India is emerging as global economic power and with is its mammoth energy needs the current energy infrastructure looks insufficient. Since India remained outside the Nuclear Non-Proliferation Treaty as a result it was excluded from the trade in nuclear materials for almost 34 years which hampered its civil nuclear energy till 2009. When we have huge population to cater in terms of energy we need to enhance our power supply.

Our coal reserves are limited and gas supply is declining day by day, so we need to move to other non-conventional resources of power. By 2020 our per capita power consumption figure is expected to get double. As per estimates India will be able to produce only one-third of its energy requirements till 2050. Consequently Nuclear energy remains the option to meet out the huge energy demand of future.
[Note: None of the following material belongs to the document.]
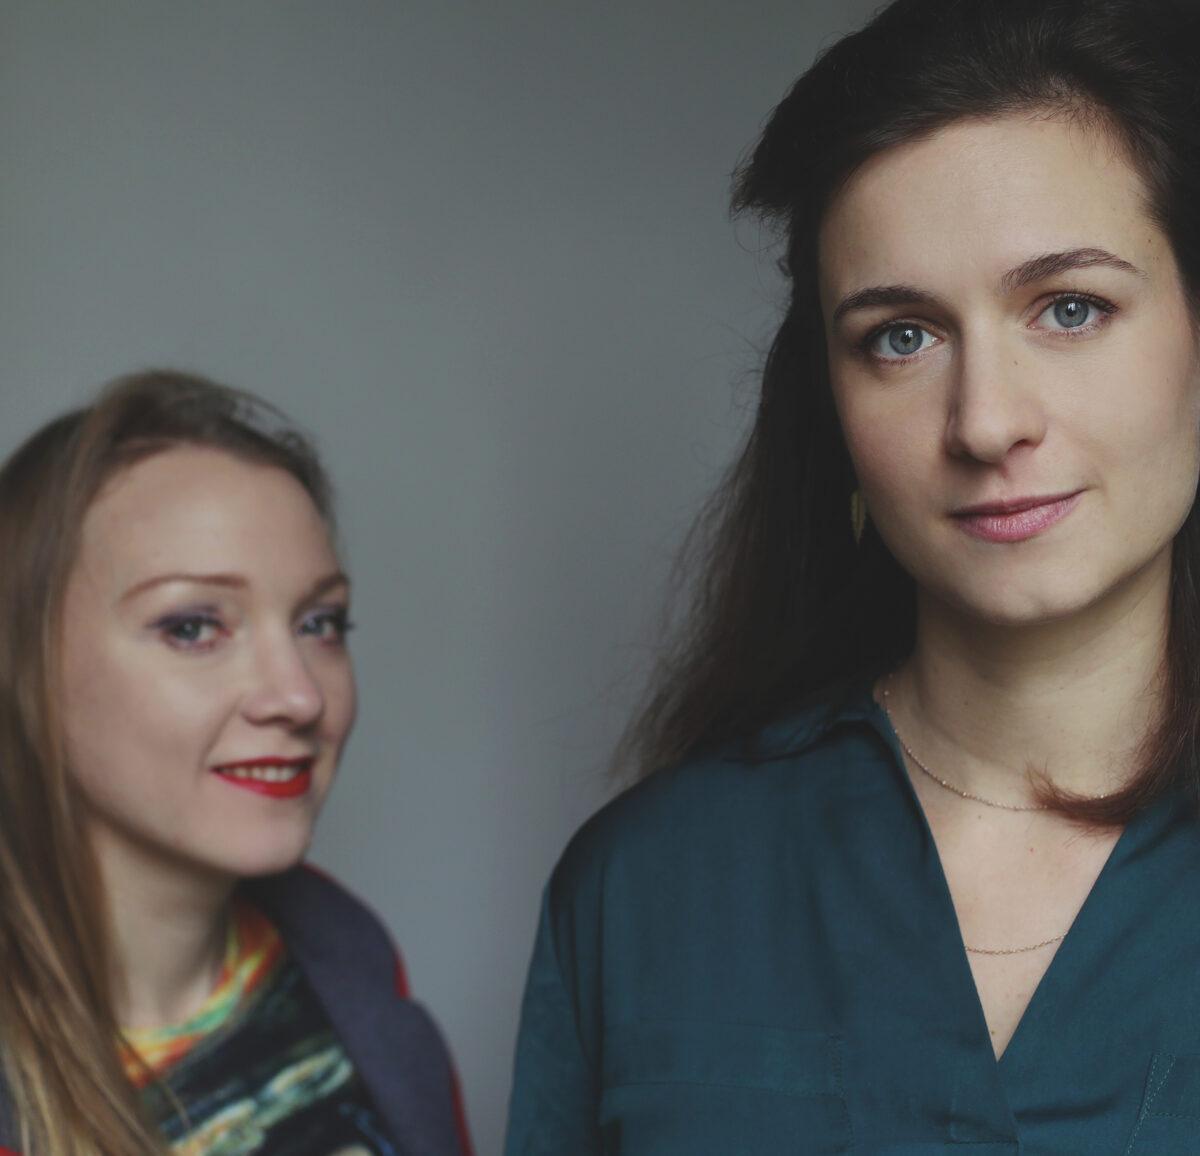 Anna Besson & Olga Pashchenko - Variations ©Lisa Lesourd

Few years back our parliament was loudly brainstorming on an idea; it was ‘to gain US civil nuclear technology’. Apart from all controversies and issues lined up because of this issue, it depicted how India will be ahead in race of technological advancement and independency in terms of nuclear energy. The reality is bitter; we still have a long way to go in terms of nuclear energy generation and have to figure out models on how to discard of nuclear waste and for safe energy generation. Apart from Indian government’s vision about the nuclear energy sufficiency, our experts have repeatedly predicted an exactly opposite scenario. Experts think that the fast breeder nuclear plant, the core of India’s nuclear plan is expensive and dangerous. History is witness to big nuclear disaster and recently Japan was jolted by the Fukushima nuclear disaster. So, India needs to formulate a policy to restructure its nuclear energy plan to ensure safe energy generation.

Apart from other problems stated above, India is continuously facing a major threat of nuclear terrorism. India’s lukewarm approach towards nuclear terrorism for years saw a big change when our neighbouring countries jumped into increasing its nuclear arsenals. India never visualized the criticality of the nuclear terrorism until post-9/11 world saw the new terror cloud as nuclear terrorism. India has a troubled neighbour in Pakistan, which doubled its nuclear resources as compared to India with more than 100 weapons, and it now stands nearly on the verge of surpassing Britain as the world’s fifth largest nuclear power. Pakistan stockpile of nuclear weapons is a serious concern for India and Indian security policy makers. The old and outdated Nuclear Non-Proliferation Treaty (NPT) is now getting ineffective to confront the 21st century proliferation.

So India needs the faster and safer solution to its increasing energy requirements. To tackle this hurdle India has to develop a robust and tangible framework for nuclear energy, taking safety as major concern.